What Seed Funding Bubble?

At the moment, people seem to believe there’s a “bubble” in seed-stage technology funding.  Many limited partner investors in VC funds I’ve spoken with have raised the concern and related topics seem popular on Quora (see here, here, and here).  However, I’ve examined the data and it argues pretty strongly against a widespread seed-stage bubble.

Rather, I think the increased attention that top startups attract these days induces availability bias.  Because Y Combinator and superangels generate pretty intense media coverage, people read more frequently about the few big investments in seed-stage startups.  They confuse the true frequency of high valuations with the amount of coverage.  Of course, they never read about all the other seed-stage startups that don’t get high valuations.

But if you look at the data on the aggregate amount of seed funding and the average deal size, I think it’s very hard to argue for a general seed-stage bubble.  At worst, there may be a very localized bubble centered around consumer Internet startups based in the Bay Area.

First, look at the amount of seed funding by angels over the last nine years, as reported by the Center for Venture Research.  I calculated the amount for each year by multiplying the reported total amount of funding by the reported percentage going to seed and early stage deals.  (Note: for some reason the CVR didn’t report the percentage in 2004, so I interpolated that data).

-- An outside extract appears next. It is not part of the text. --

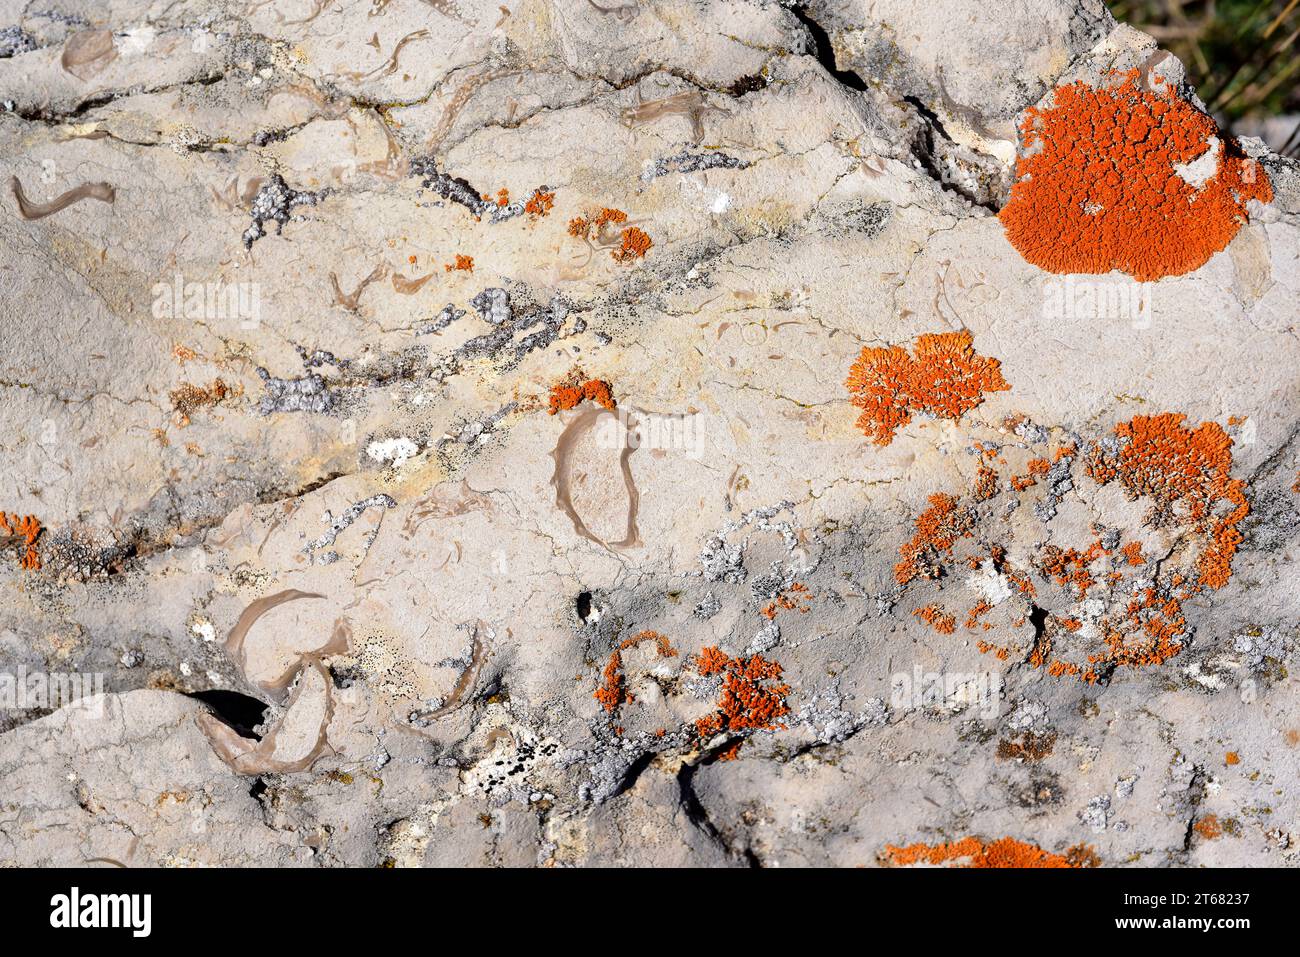 Exogyra flabellata bivalve mollusk fossil from Cretaceous. This photo was taken near Cantavieja, Teruel province, Aragon, Spain. Stock Photo

As you can see, the amount of seed funding by angels in 2009-20010 was down by half from its level in 2004-2006.  Hard to have a bubble when you’re only investing 50% of the dollars you were at the recent peak.  But perhaps it’s a pricing issue and angels are pumping more dollars into each startup.  While the CVR doesn’t break down the average investment amount at each stage, we can calculate the average investment amount across all stages and use it as a rough index for what is probably going on at the seed and early stage (the index of 100 corresponds to a $436K investment).

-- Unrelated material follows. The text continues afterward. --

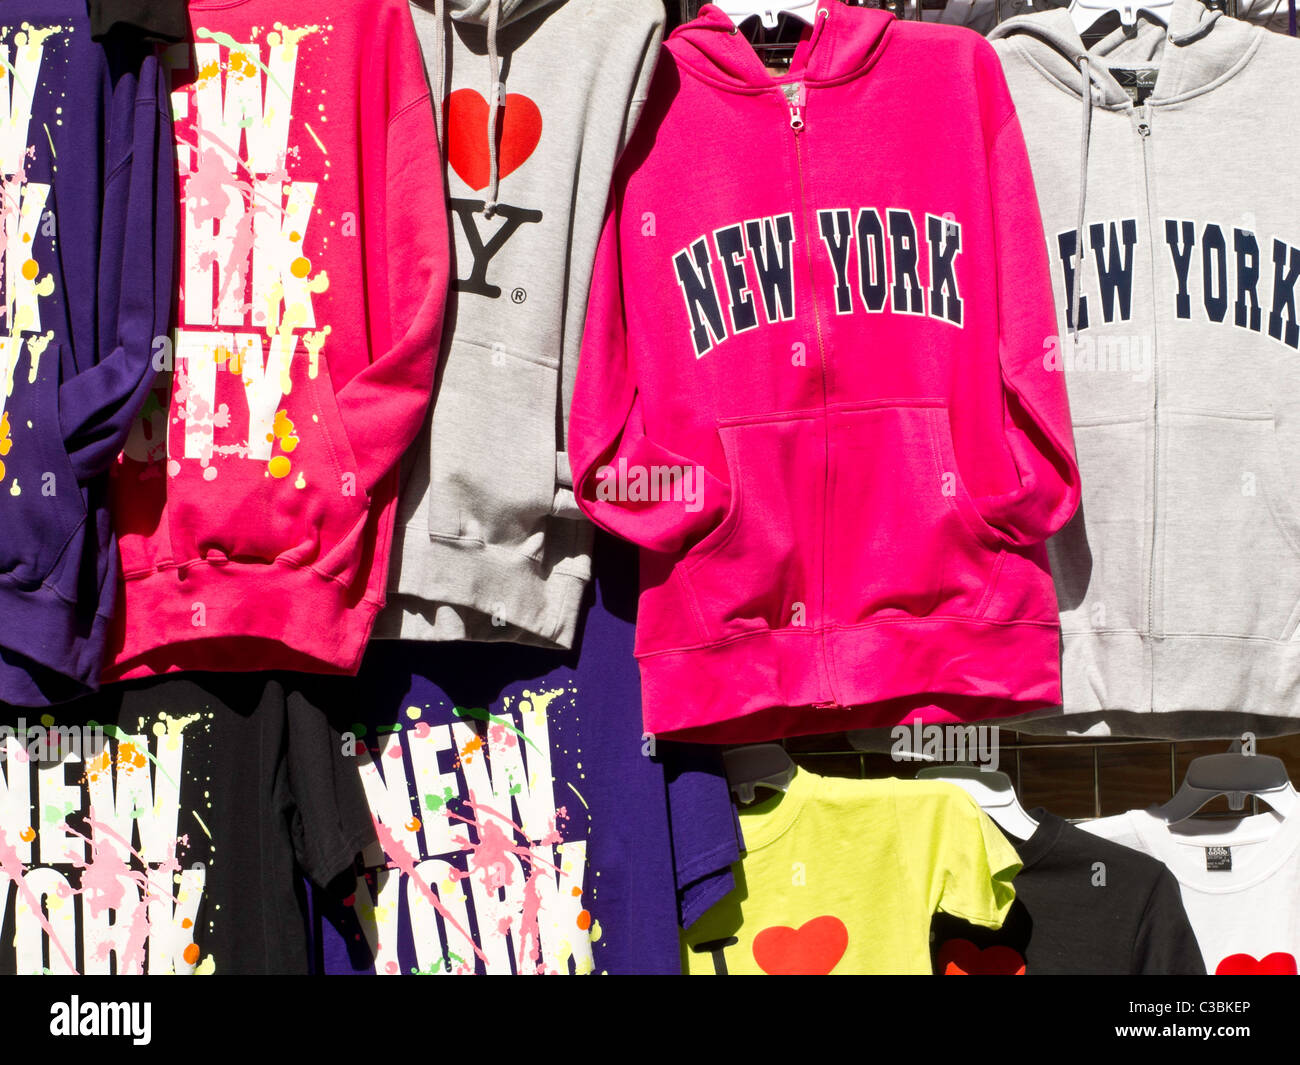 New York Branded Souvenir Clothing, Street Vendor, NYC Stock Photo - Alamy

The amount invested in each startup in 2010 was down 35% from its 2006 peak.  Now, the investment amount is not the same as the valuation.  However, for a variety of reasons (anchoring on historical ownership, capitalization table management, and price  equilibrium for the marginal startup), I doubt angels have radically changed the percentage of a company they try to own.  So deal size shifts should be a good proxy for valuation shifts.

Now, you might think that VC moves in the seed stage market could be a factor.  Probably not, for two reasons.  First, VCs account for a much smaller share of the seed stage market.  Second, what gets counted as the seed stage in the VC data isn’t what most of us think of as seed stage investments.  Check out the seed dollar chart and the average seed investment data from the National Venture Capital Association.

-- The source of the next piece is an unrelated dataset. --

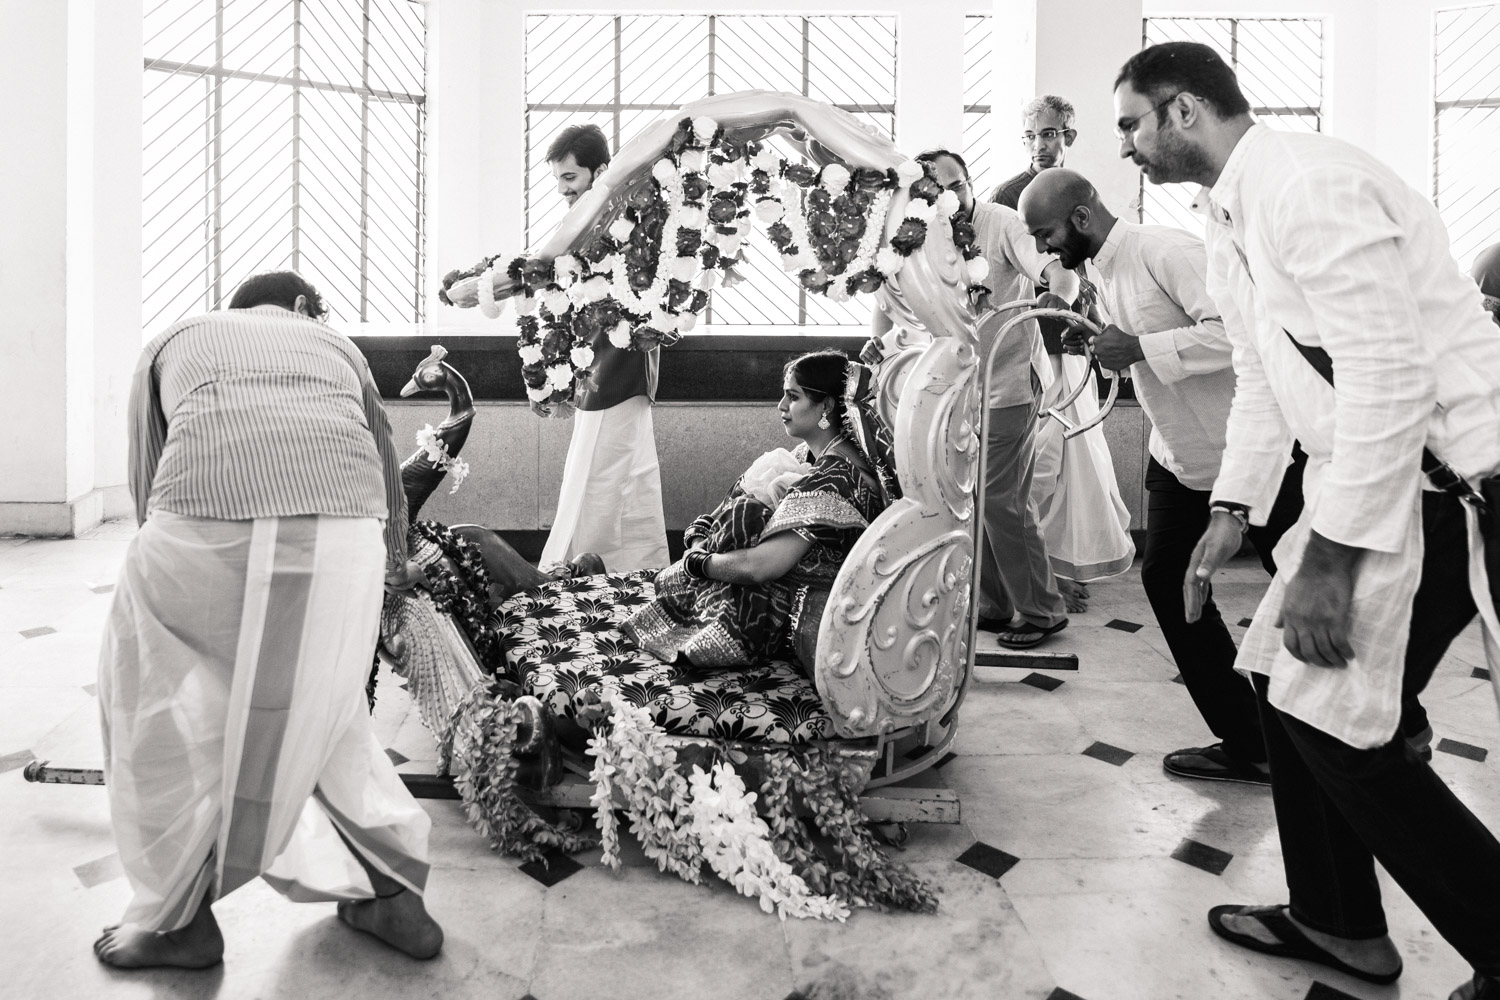 cross cultural tamil wedding in bangalore

Notice that amount of seed funding by VCs has remained flat for the last three years.  Moreover, angels invest dollars in the seed stage at a rate of 3:1 compared to VCs.  So VCs probably aren’t contributing to a widespread seed bubble.  But the story takes a strange twist if you look at the average size of VCs’ seed stage investments.

The size has increased since 2007.  But look at the absolute level!  $4M+ seed rounds?  I’m starting to think that “seed” does not mean the same thing to VCs as it does to angels and entrepreneurs.  Obviously, VCs cannot be affecting what I think of as the seed round very much.  However, they could be generating the impression of a bubble by enabling a few “mega-seed” deals.  VCs did 373 seed deals in 2010 while angels did around 20,000 (NVCA and CVR data, respectively).

The last factor we have to account for is the superangels.  Most of them are not members of the NVCA.  However, they probably aren’t counted by the CVR surveys of individual angels and angel groups either.  ChubbyBrain has a list of the superangels that seems pretty complete; I can’t think of anyone I consider a superangel who isn’t on it.  Of the 16, there are known fund sizes for 13.  Two of them (Felcis and and SoftTech VC) are members of the NVCA and thus included in that data.  The remaining 11 total $253M.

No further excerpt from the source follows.